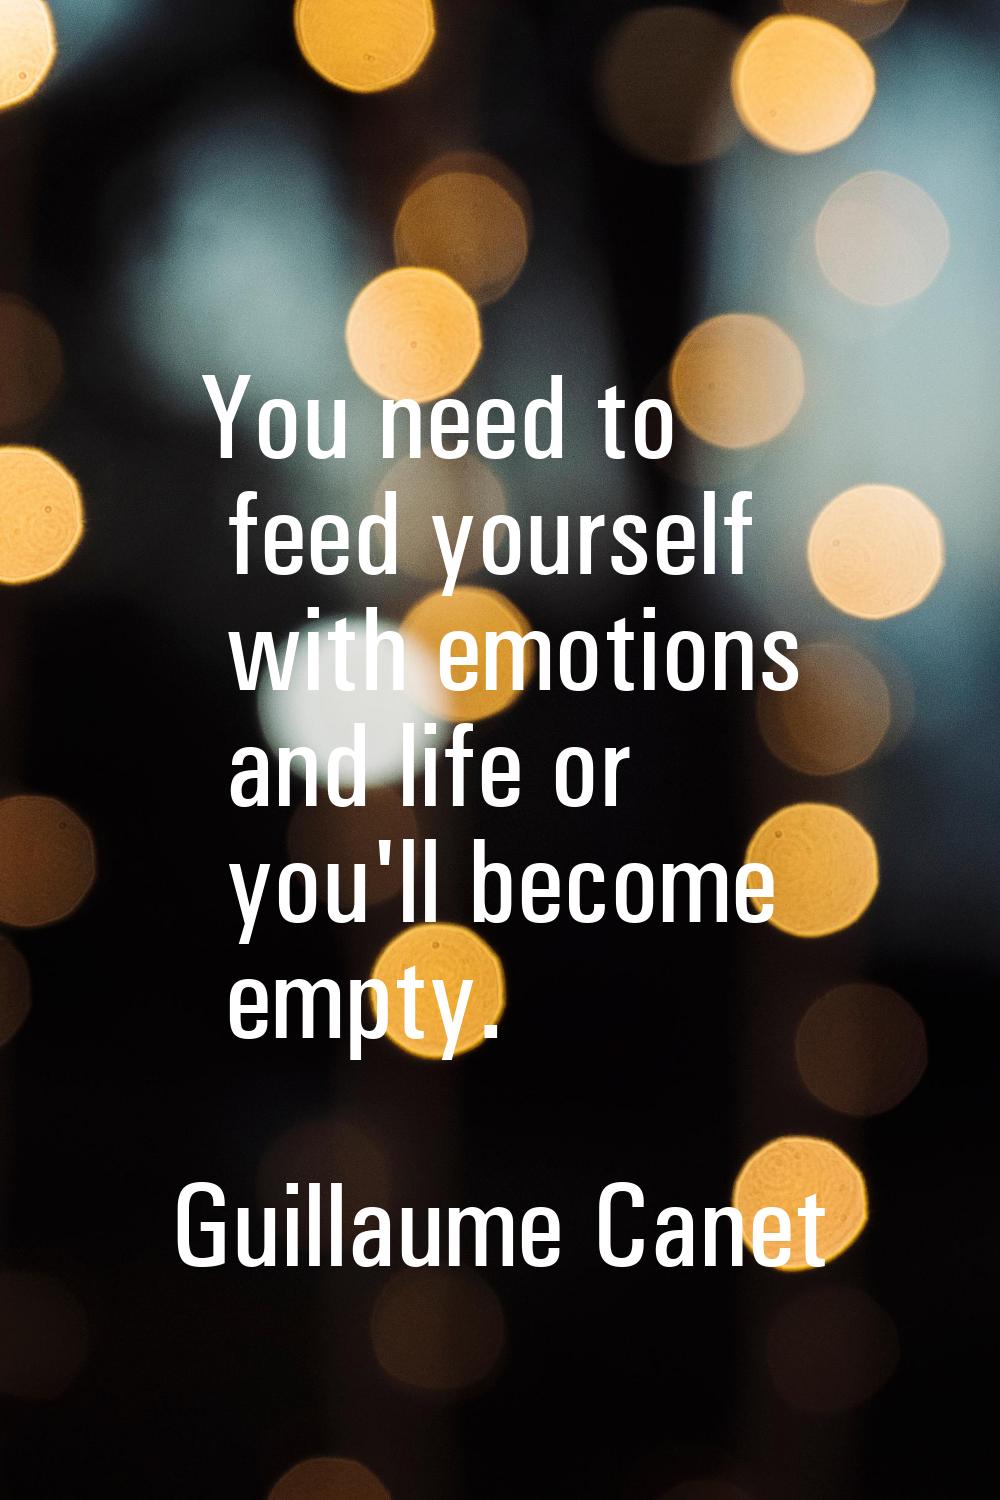 You need to feed yourself with emotions and life or you'll become empty.
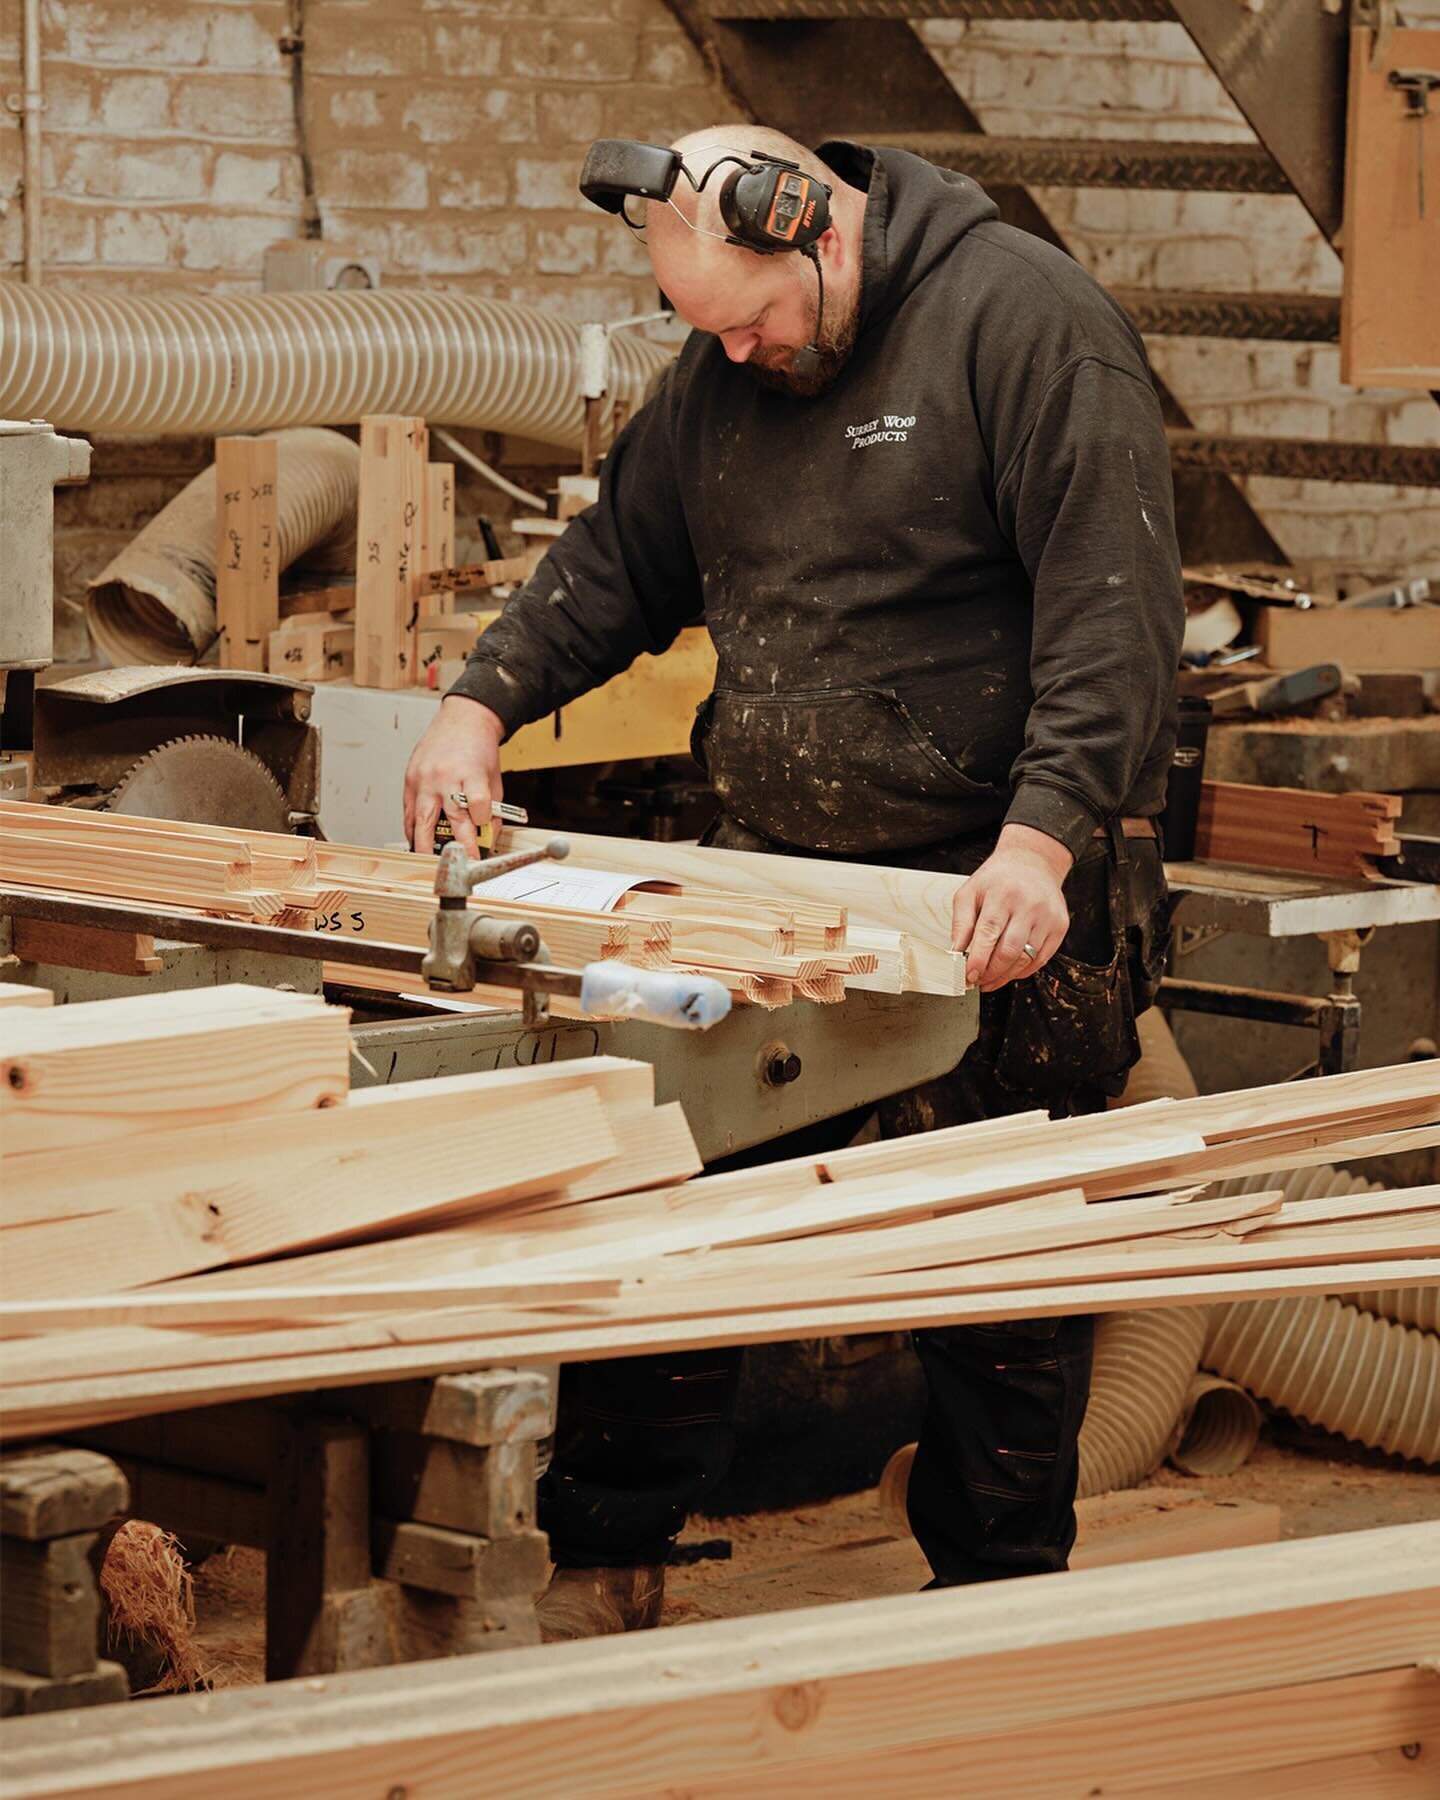 A snap shot of our workshop team,  creating wonders one piece at a time 🪚

#surrey #woodwork #sustainablymade #windows #doors #bespoke
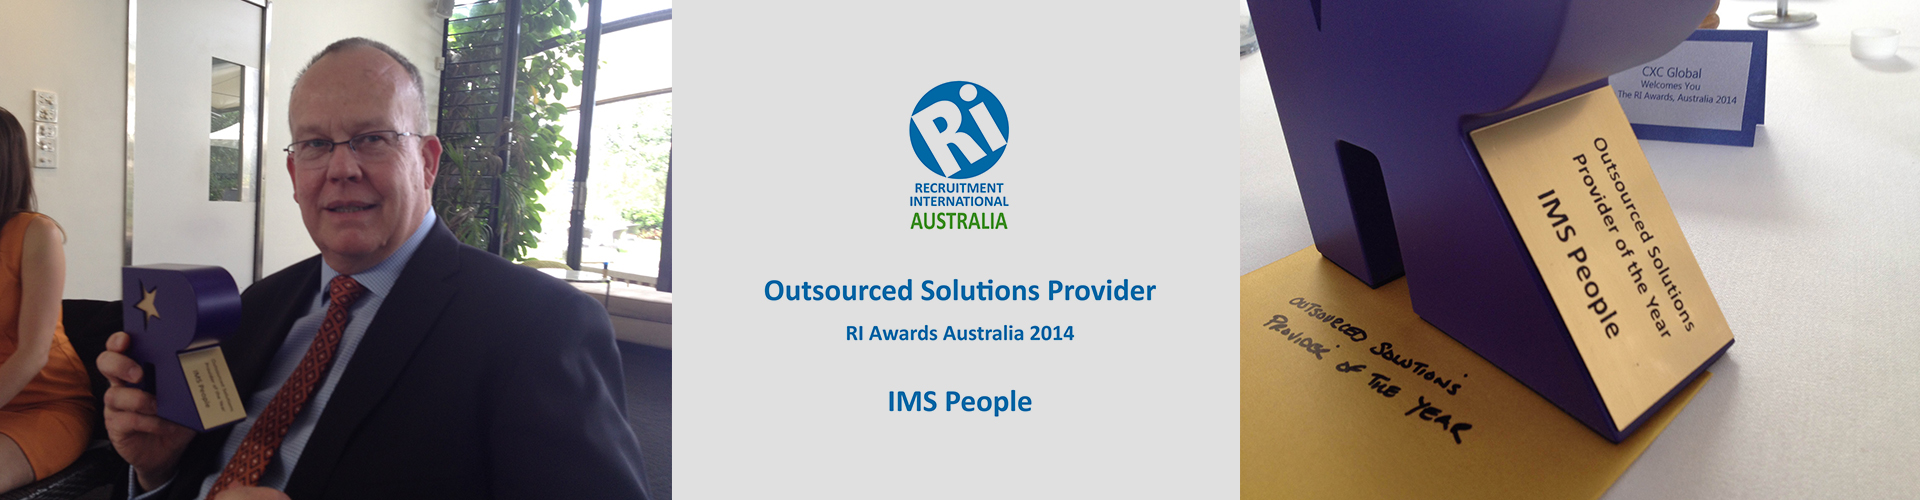 wins “Outsourced Solution Provider Of The Year” award at RI awards ceremony

——

:: Exercise instructions ::
Line by line and exactly, write out the material above. Skip the pictures.

:: Reply to the task ::
 You need to feed yourself with emotions and life or you'll become empty.
 A snap shot of our workshop team,  creating wonders one piece at a time 🪚

#surrey #woodwork #sustainablymade #windows #doors #bespoke
 wins “Outsourced Solution Provider Of The Year” award at RI awards ceremony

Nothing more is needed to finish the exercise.